Republicans seem to think the words “tax increase” are a lethal weapon. Democrats seem to agree with them. House Democratic Caucus chair Joe Crowley just declined to say whether he would repeal the Tax Cuts and Jobs Act, offering the lifeless alternative of “[restoring] balance.” There’s no excuse for such meekness. Tax politics have changed, and Democrats need to stop fearing the issue like a rogue torpedo.
Both parties seem trapped in the 1980’s on taxes. That was a time when taxes really were high and the median voter really did want them cut. Reagan-Bush dominated the decade because of the issue. Since then, taxes have fallen, and middle-class Americans show far less concern that they are taxed too much. Anti-tax sentiment now resides largely within the donor class.
Consultants don’t seem to have noticed the change.
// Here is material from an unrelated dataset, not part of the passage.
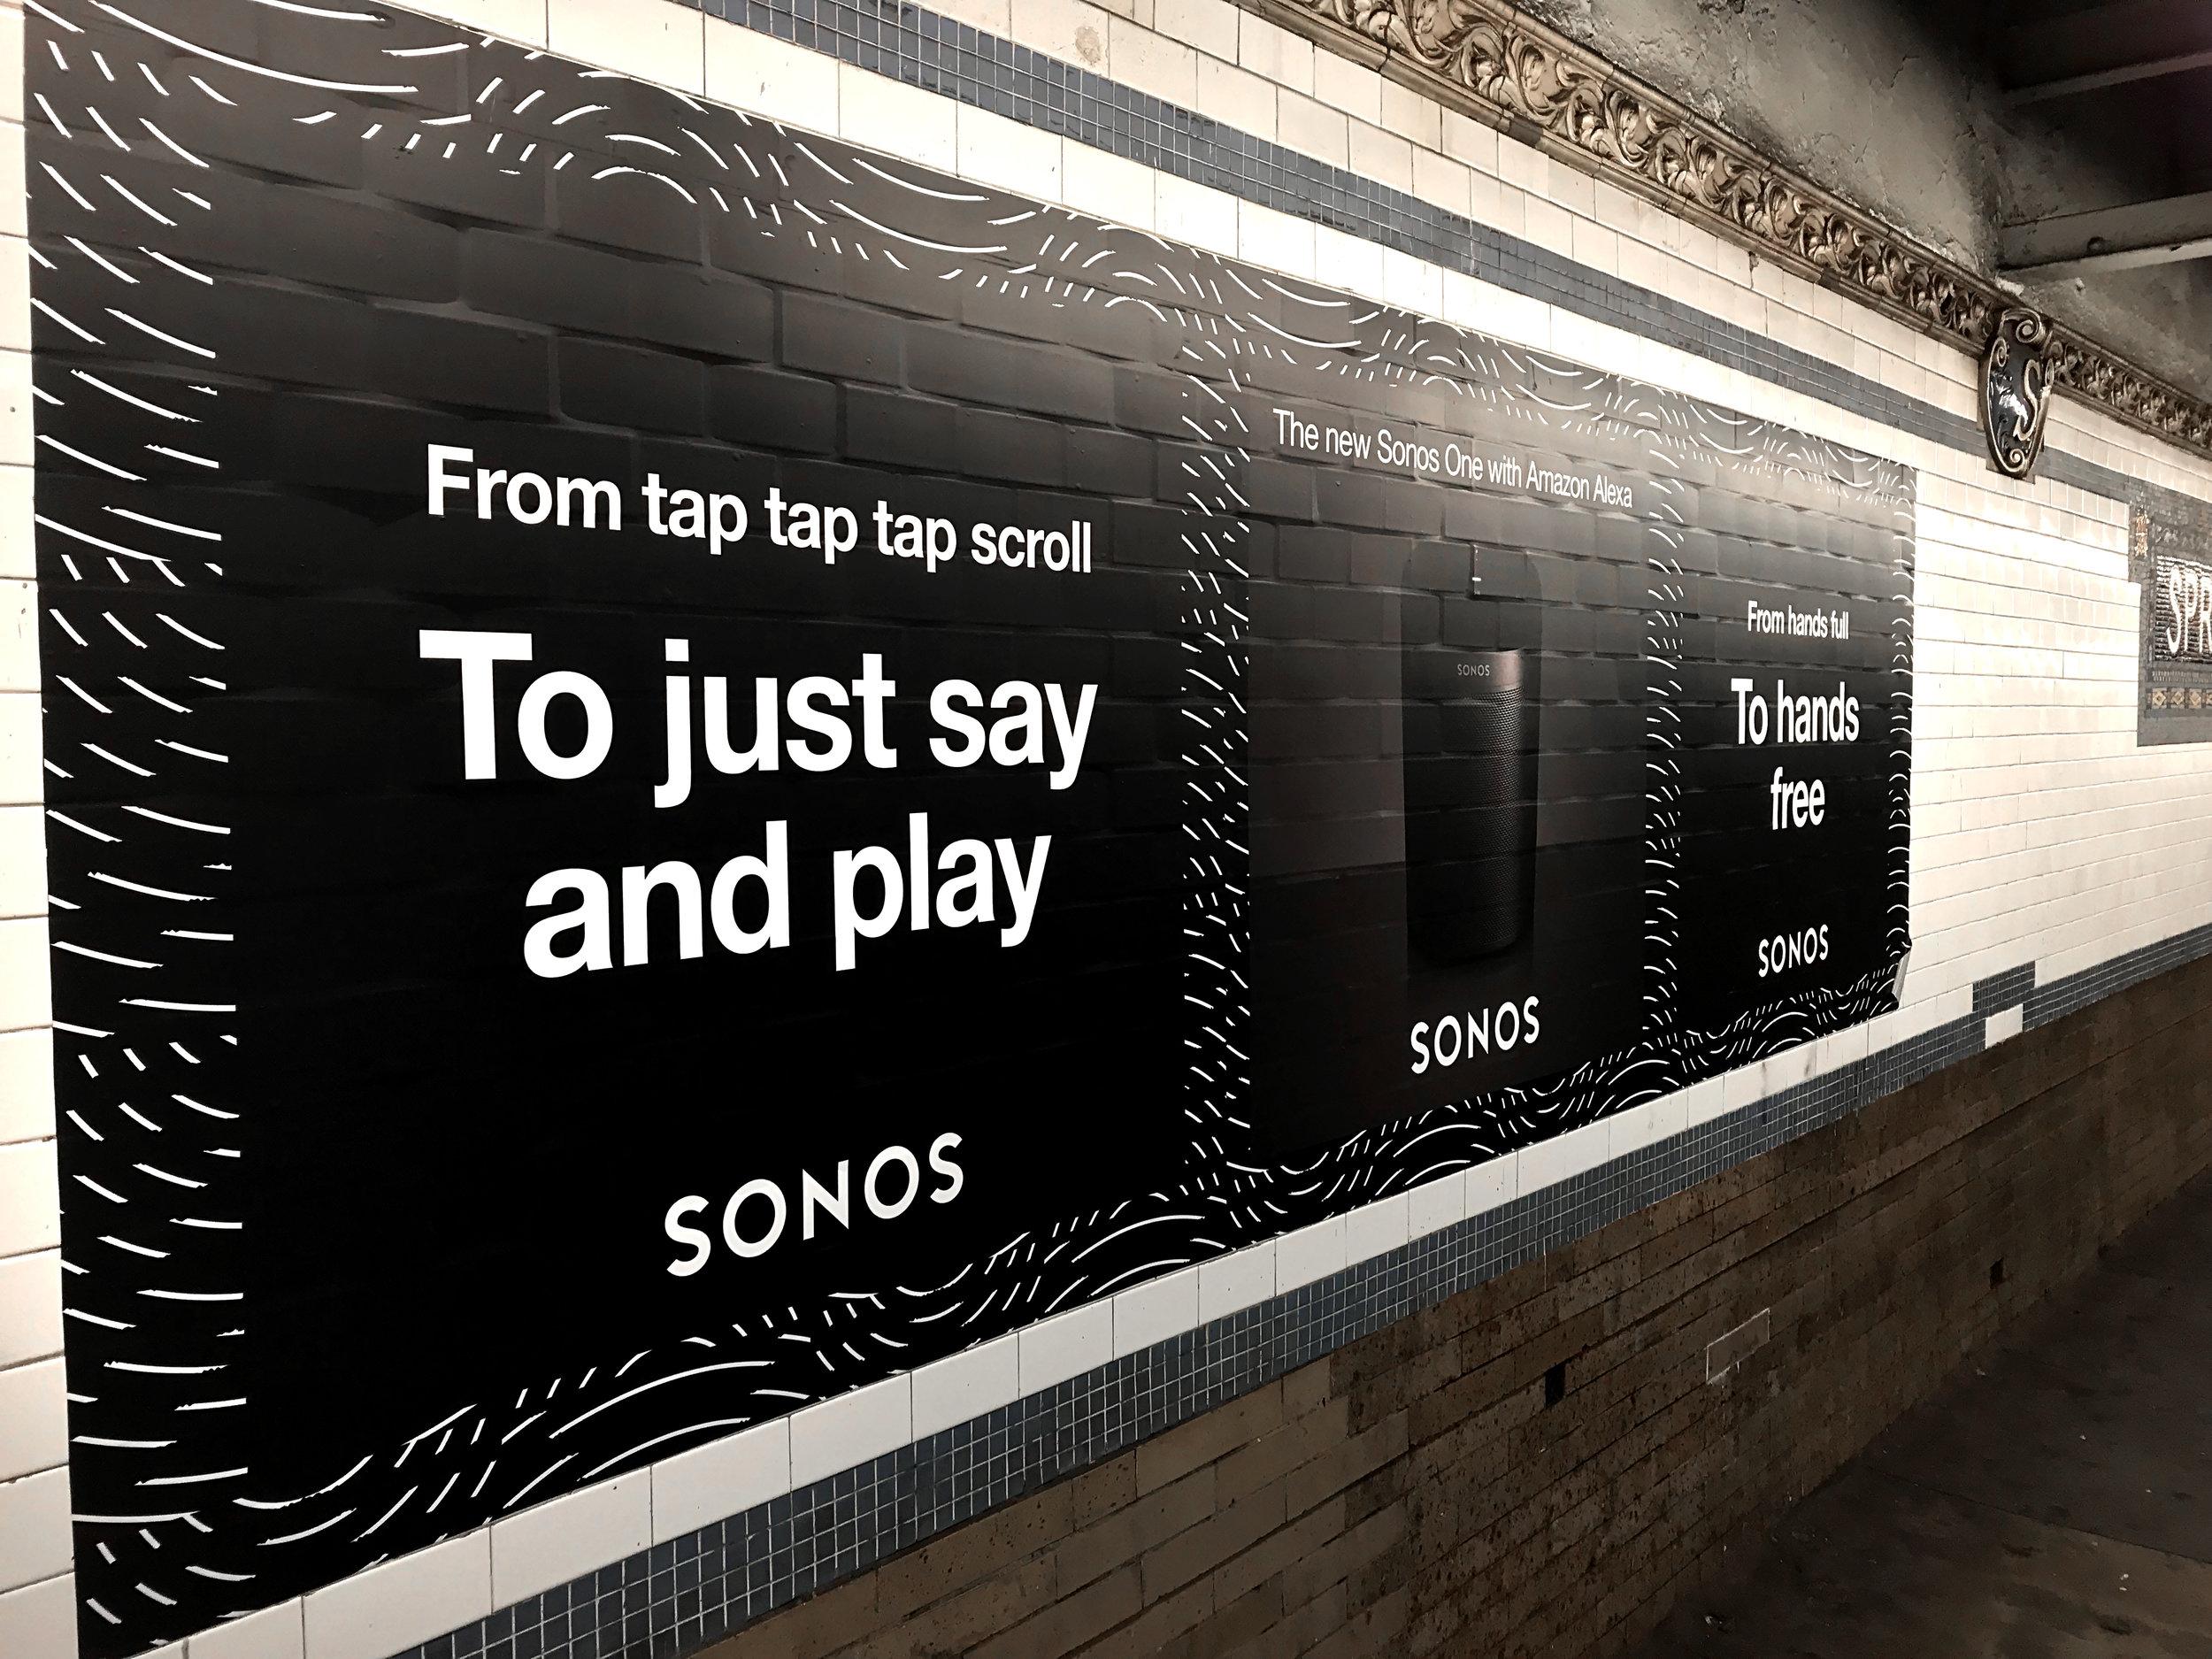 Sonos_station12.jpg
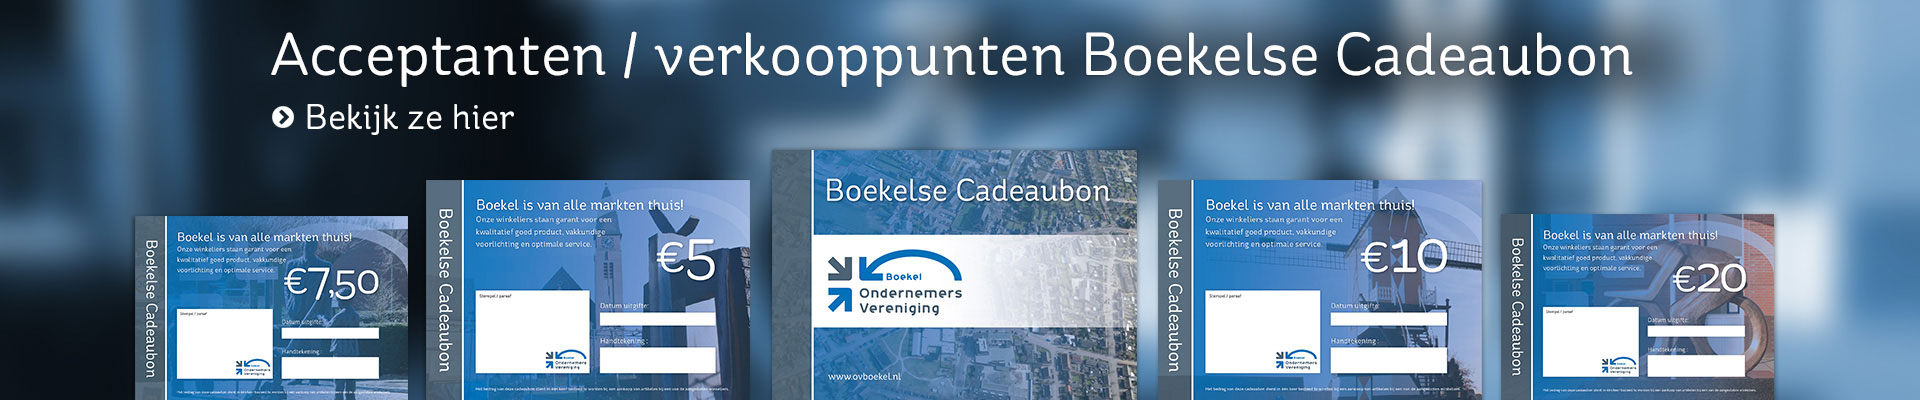 Boekelse-Cadeaubon-banner

We’re supposedly a “center-right nation” on the size of government. According to the best data, this just isn’t true anymore. A plurality of Americans favor “a bigger government with more services.” Even conservative Republicans show some support for higher taxes on the rich. Cutting taxes is now a niche interest of rich people and the supply-side movement.
In a fact-based world, Republicans would be playing defense on taxes. And the Democrats would play their winning hand without apology. They would emphasize that rich people pay too little, and higher taxes will fund popular programs. Voters are ready to hear that message.
Sadly, Washington Democrats may be too milquetoast to own taxes. But reticence on this winning issue is foolish. They should at least stop running scared.